Music, Transience, Life

Can you imagine static everlasting music? Sounds oxymoronic. Imagine a single musical note sounded forever without change. Not only does this seem boring, it was almost impossible to generate before the advent of electronic music. The sound of a plucked string fades. The breath of a horn-blower expires. The clapped cymbal, loud on impact, disappears into the wind. But the dying sound of a musical note is what gives rise to the experience of music. One dying tone gives way to another tone, which in turn dies as yet another is given birth. And this tickles our ears with delight!

If the first tone did not die and new tones were simply added to it, you may briefly have harmony, but eventually added dissonant sounds will lead to cacophony. Distinct tones are lost; all becomes noise. There may be troves of hidden information in the overlapping waves, interfering with each other constructively and destructively, but the human listener cannot discern any underlying patterns. It’s the sound of a high entropy state, seemingly more dead than alive.

Perhaps there is an analogy between music and life where transience plays a key role. Just as music is alive when one tone gives way to another, so chemistry becomes alive as molecules transform from one to another, their concentrations constantly changing over time in a dynamic dance. A turns into B, which turns into C, then D, then E, then F, then G, and then A*, an excited form of the original A, its chemical bonds vibrating at double the frequency of the original. You might call it a scale or a cycle. The scale establishes a musical key while the cycle establishes a key metabolic process.

What makes music pleasurable? Anticipation, Expectation, Surprise, Resolution. The masterful composer cycles through themes – and for the greatest pieces of music, we do not get bored listening to them again and again and again. The dynamics that make the music so alive are rooted in larger underlying structures, cycles within larger cycles. The maestro teases us by building anticipation. An expectation is delightfully thwarted to reveal a surprise.

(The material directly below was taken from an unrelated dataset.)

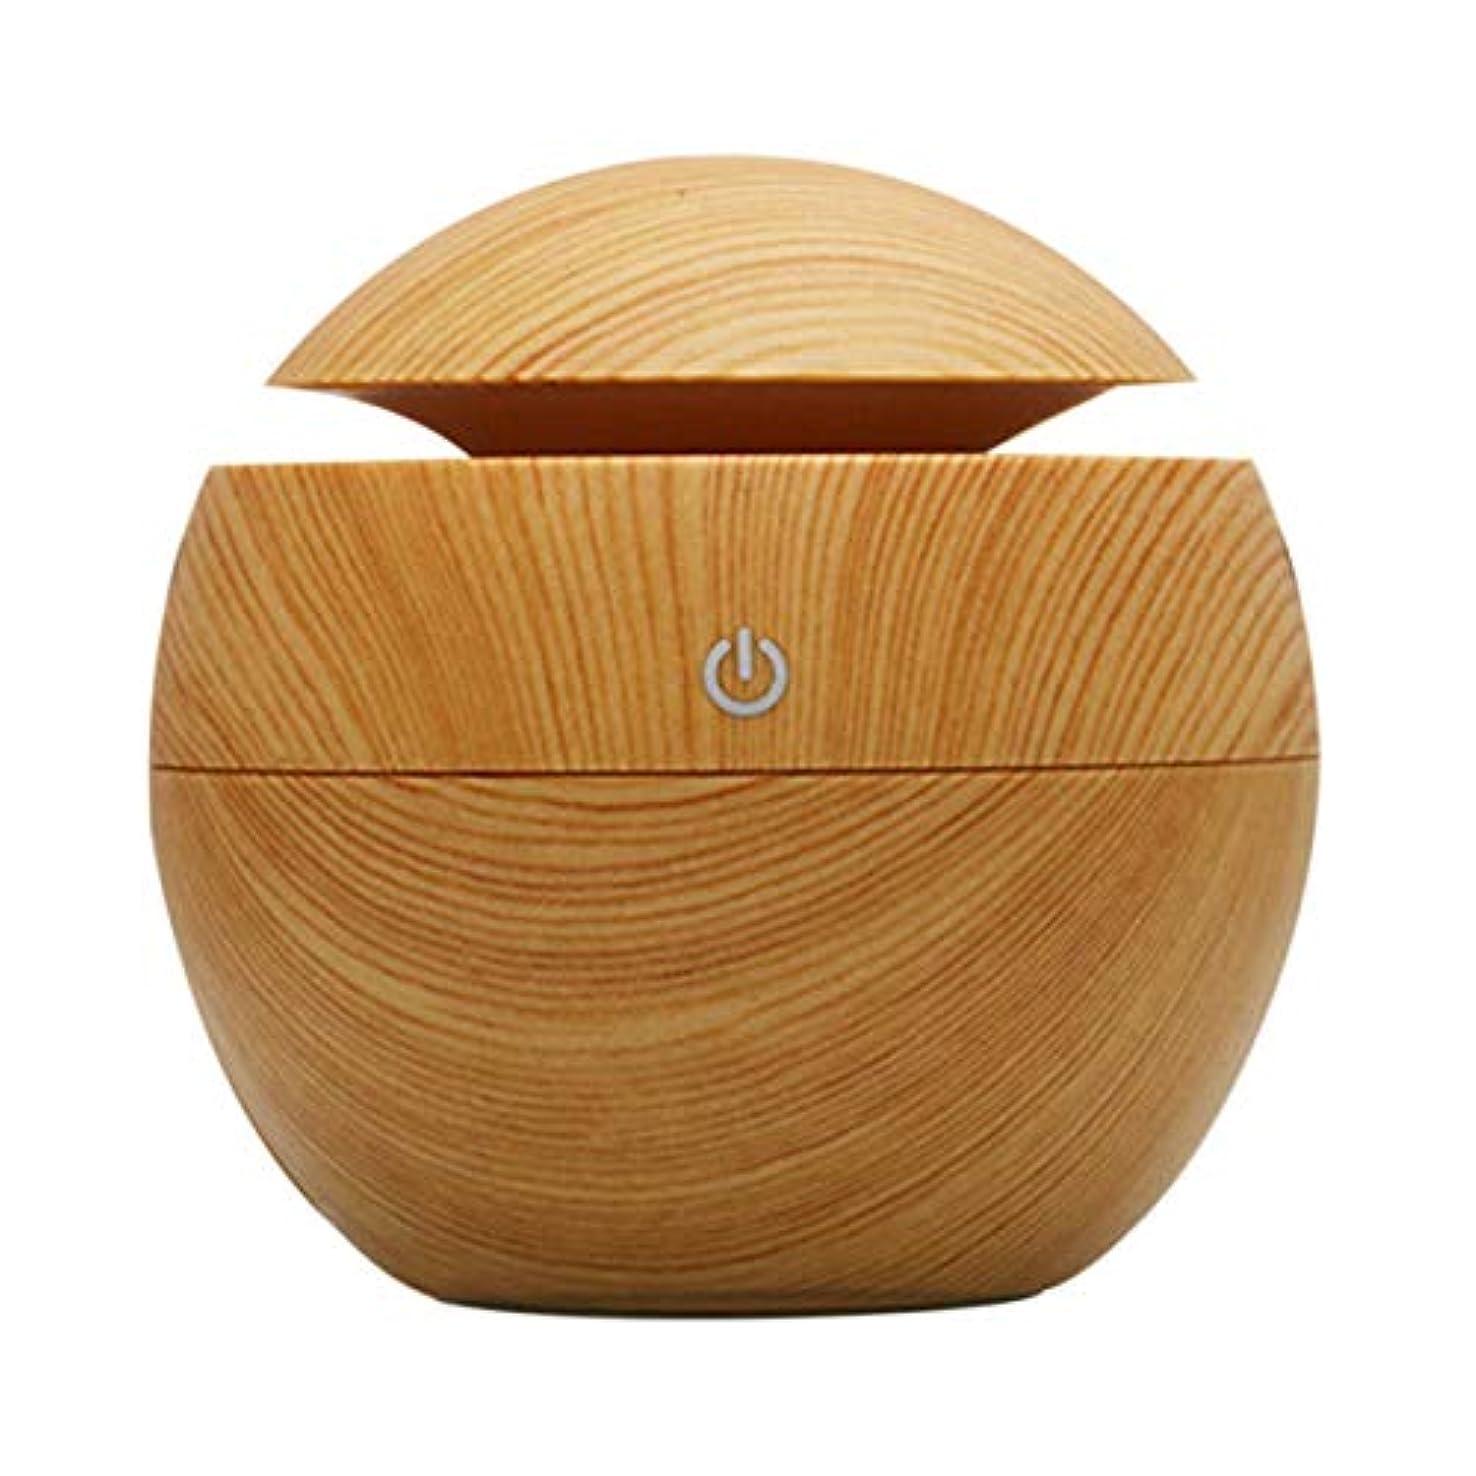 忘れる肺炎解釈Saikogoods 130mlのポータブルサイズの木製のホームオフィスアロマエッセンシャルオイルディフューザー超音波USB充電式ミスト加湿器 ライトウッドカラー

And the resolution, when it comes later than expected, is savored.

How much time passed before seemingly simple molecules, handfuls of atoms connected by chemical bonds, turned into specifically themed repeating structures? I don’t know. But these delightful polymers, when located within an energy flow, build up and break down. Repeating units are taken apart and put back together. The prelude to this grand opus starts in simplicity – how can it not? We don’t know where it is headed. The maestro may have many hidden surprises. But as the chemical music proceeds, we begin to see the themes and the repeating structures, but before the first cell, it would have been difficult to predict how chemistry would give rise to biology – endless forms most beautiful, yet with the same underlying chemistry.

All living things die. Those that do not die, we do not call alive. But it is death that gives way to life. Without the transience of life, there would be no living. Dynamism is the feature of life. Dynamism is the feature of music. Music must be performed and listened to. It must be experienced bodily – not just through tiny hair-like structures in the inner ear, but through the cavities and substances of our entire human body. Waves of different frequencies resonate through different structures. You can read a musical score, see the squiggle of notes on a static page, and analyze its themes in great detail. But to truly delight in the music, you must bodily experience it. The notes don’t truly come alive until you experience them as transient tones passing through time.

In my lifetime, I’ve drawn many chemical structures on paper. I connect them to each other in complicated schemes. My mind’s eye imagines how these molecules, too small for me to bodily see, transform from one to another in an elaborate dance. One day, the community of scientists may draw out a grand scheme and call it “the chemical origins of life”. It might seem like a huge intellectual achievement, but it may be akin to writing out the score of a grand musical opus, one that has been played again and again, but it’s taken us so long to develop the notation. Drawn chemical representations are like musical notes. Are physical molecules like the tones of music?